* What is required:
Beneath this instruction is a listing. Transcribe from it only the stretch from the line with "Tintoria Mattei 954" through the line with "Armoire à casiers", both end lines included, exactly as written.

* Exercise inputs:
────────────────────

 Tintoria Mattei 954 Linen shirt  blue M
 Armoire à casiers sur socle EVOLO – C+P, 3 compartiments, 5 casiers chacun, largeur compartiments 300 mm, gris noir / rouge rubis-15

────────────────────

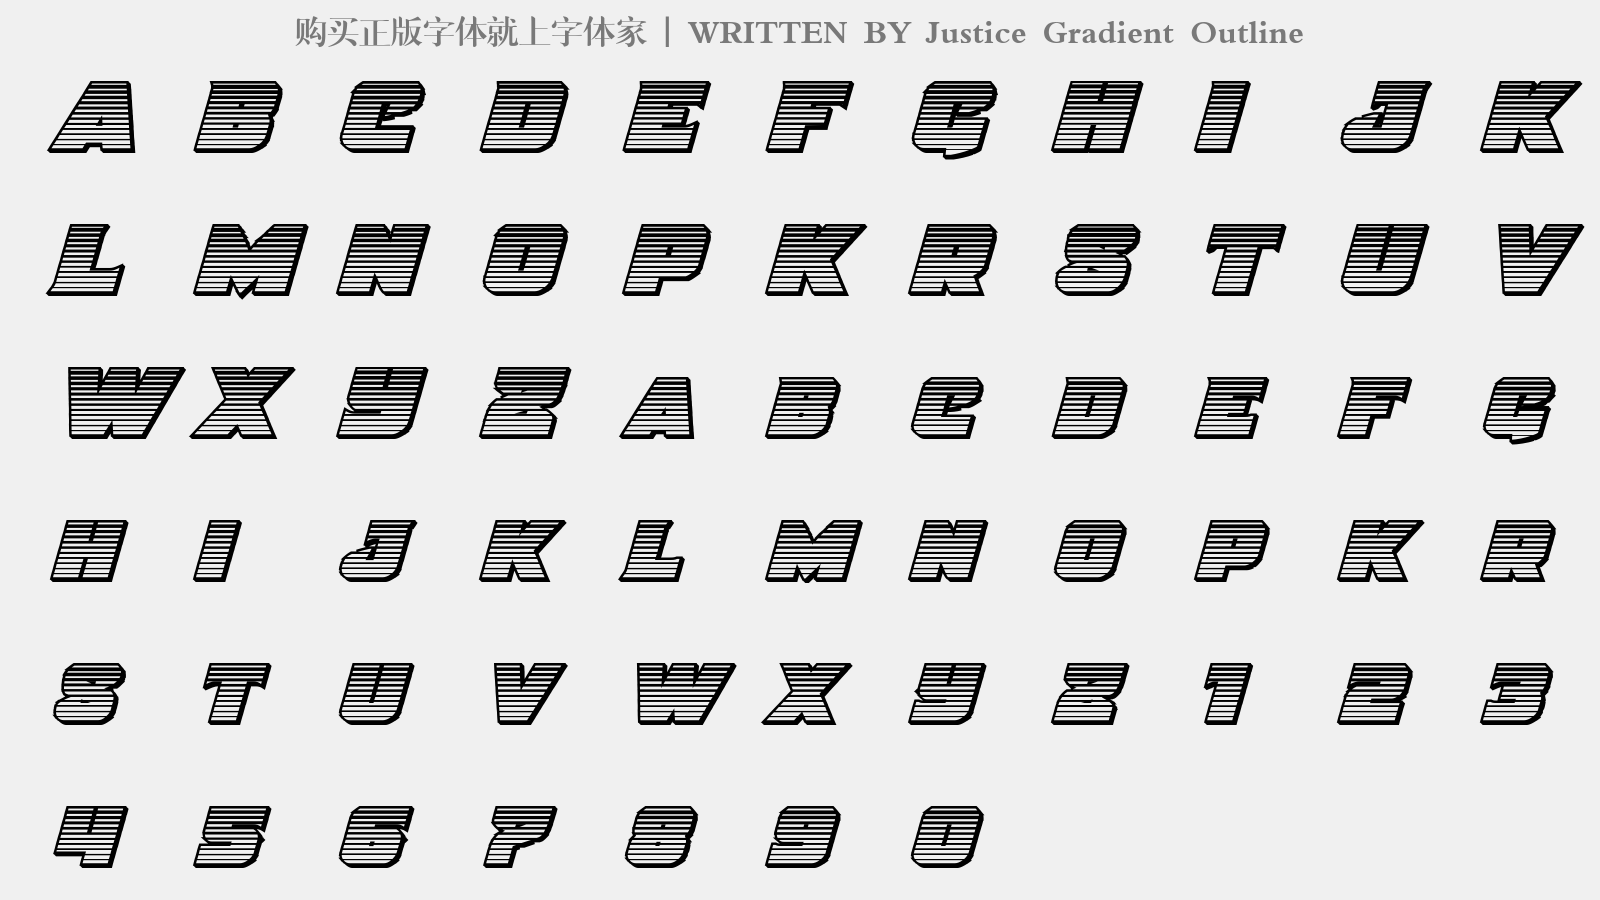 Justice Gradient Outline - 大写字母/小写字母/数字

────────────────────

* Answer space:
 Tintoria Mattei 954 Linen shirt  blue M
 Armoire à casiers sur socle EVOLO – C+P, 3 compartiments, 5 casiers chacun, largeur compartiments 300 mm, gris noir / rouge rubis-15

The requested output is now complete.